§ **Supplied data**:
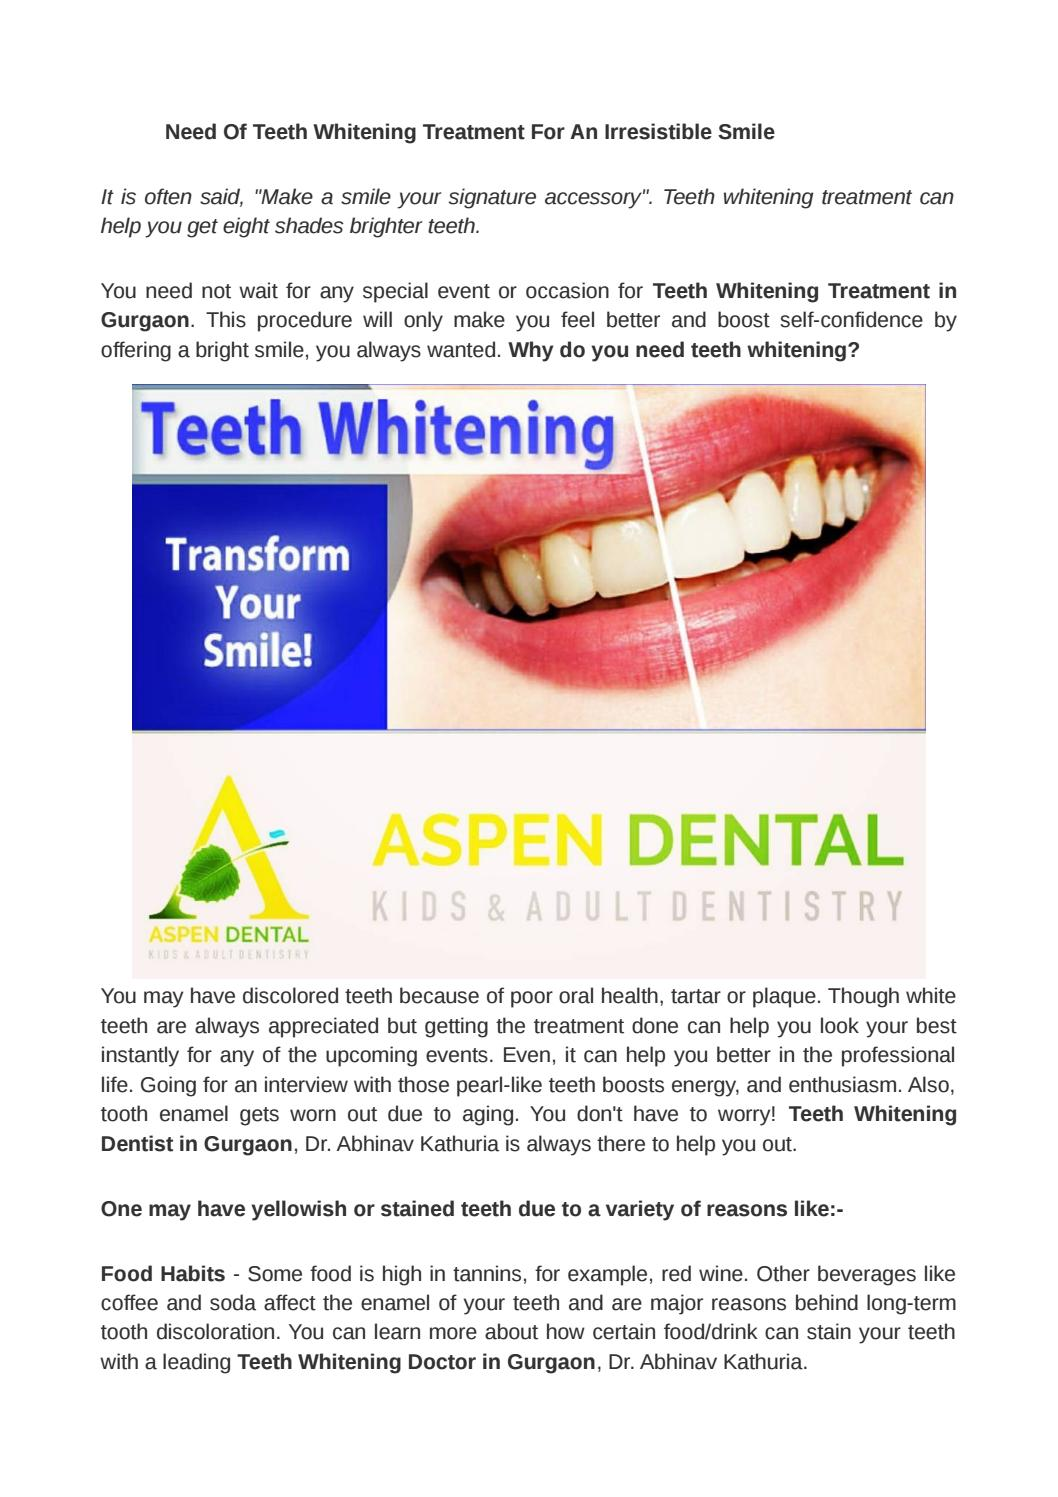 Aspen Dental Price List : aspen, dental, price, Teeth, Whitening, Aspen, Dental, TeethWalls
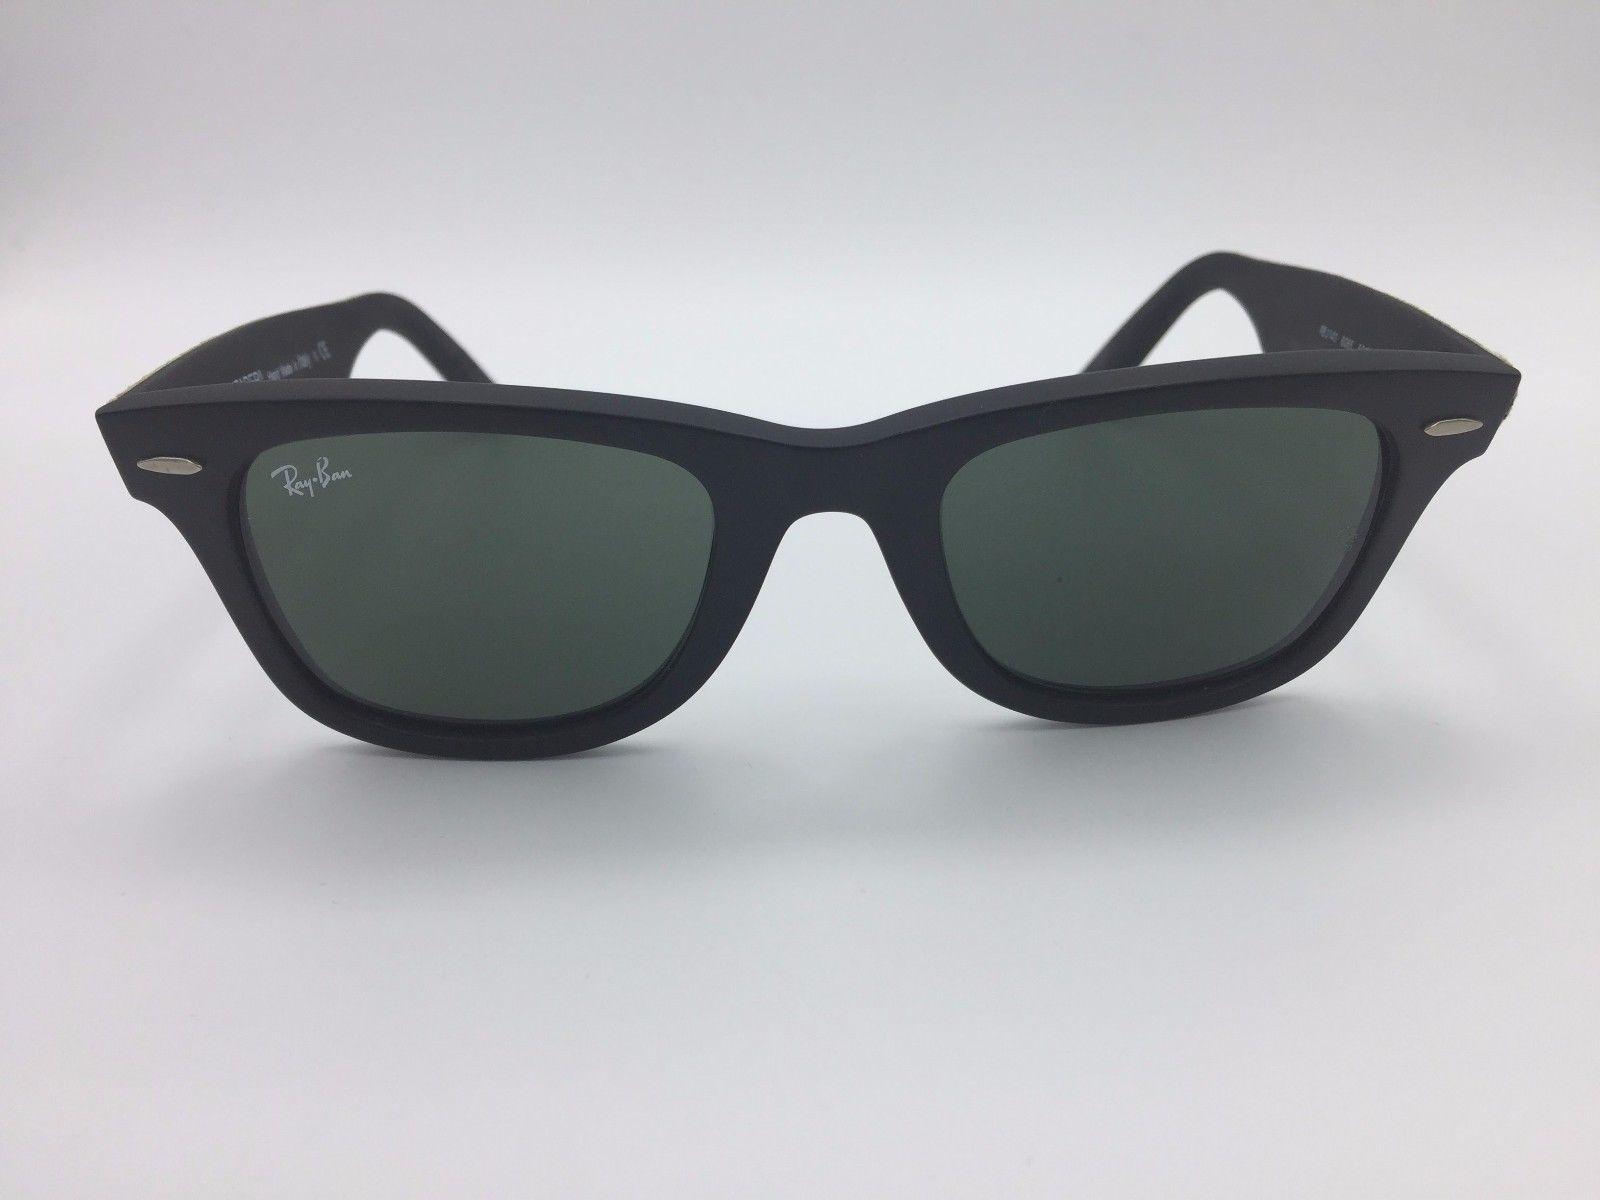 Ray Ban Sunglasses RB2140 Camo Wayfarer Frame w  Green Lens   Style ... 61055ad0ad
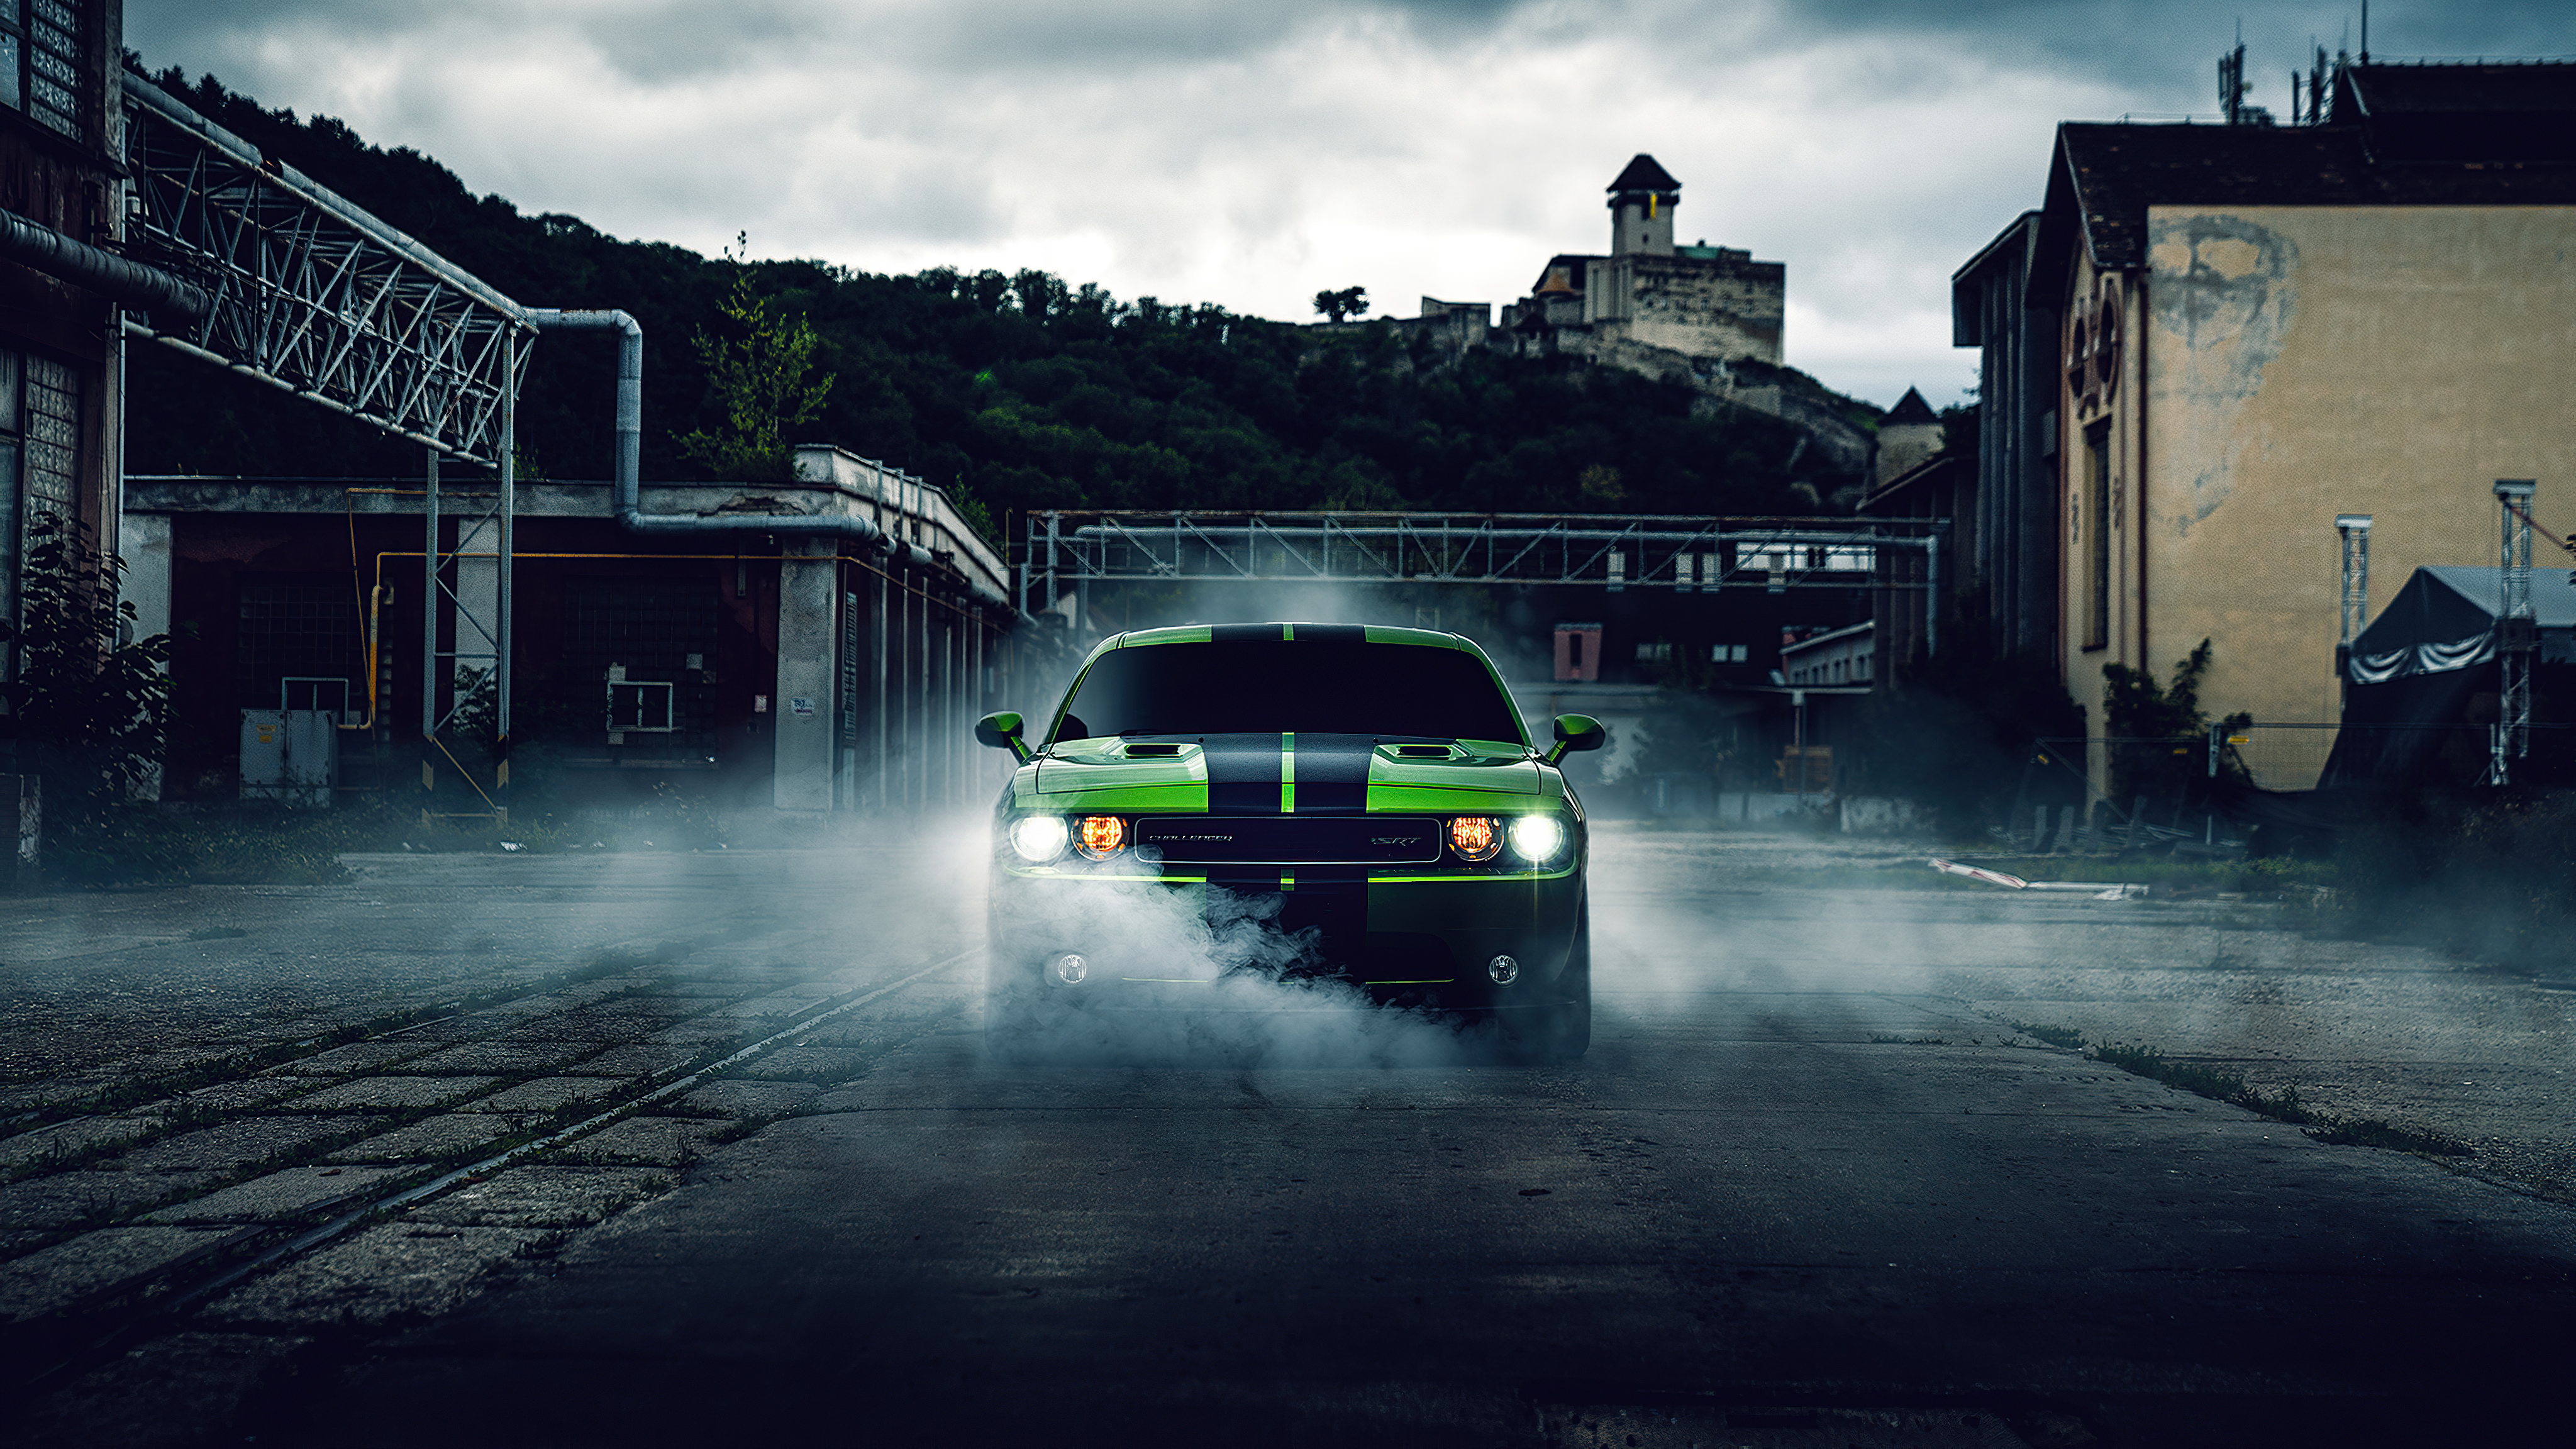 green dodge challenger 2020 4k 1608818823 - Green Dodge Challenger 2020 4k - Green Dodge Challenger 2020 4k wallpapers
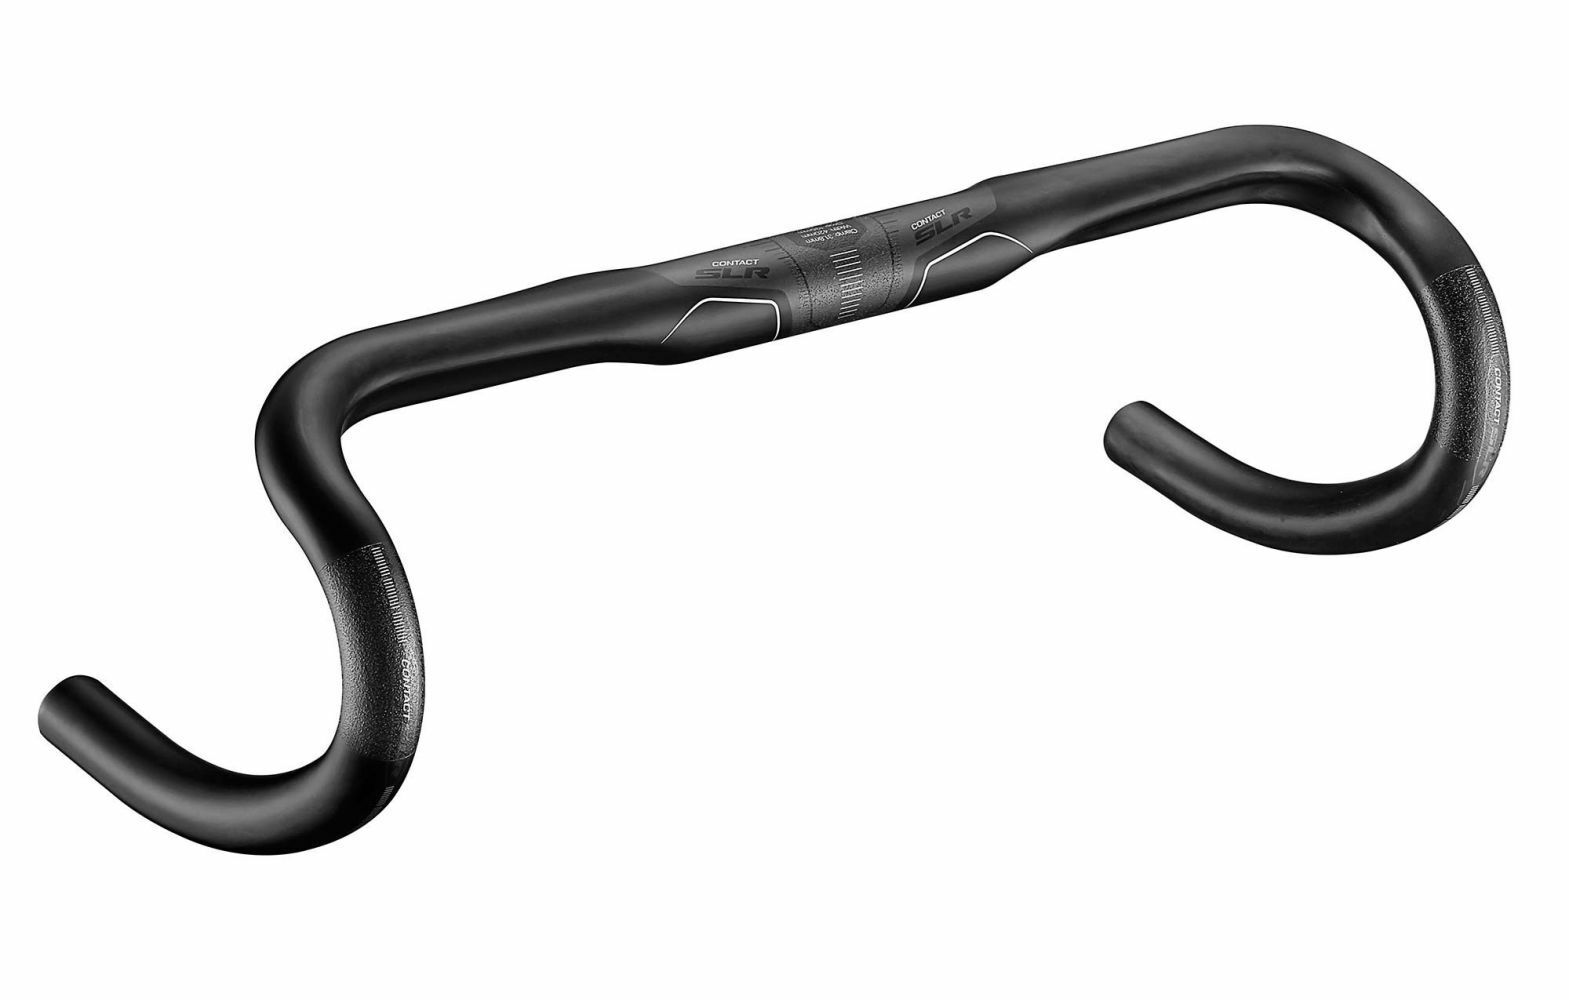 GIANT KONTAKT SLR Compact Carbon HANDLEBAR W im Kombibereich 65533;Objekt65533; 40cm 400mm

§ **Exercise**: The pictures in the listing above are to be dropped, and everything else reproduced exactly.

§ **Solution below**:
 Aspen Dental Price List : aspen, dental, price, Teeth, Whitening, Aspen, Dental, TeethWalls
 Ray Ban Sunglasses RB2140 Camo Wayfarer Frame w  Green Lens   Style ... 61055ad0ad
 green dodge challenger 2020 4k 1608818823 - Green Dodge Challenger 2020 4k - Green Dodge Challenger 2020 4k wallpapers
 GIANT KONTAKT SLR Compact Carbon HANDLEBAR W im Kombibereich 65533;Objekt65533; 40cm 400mm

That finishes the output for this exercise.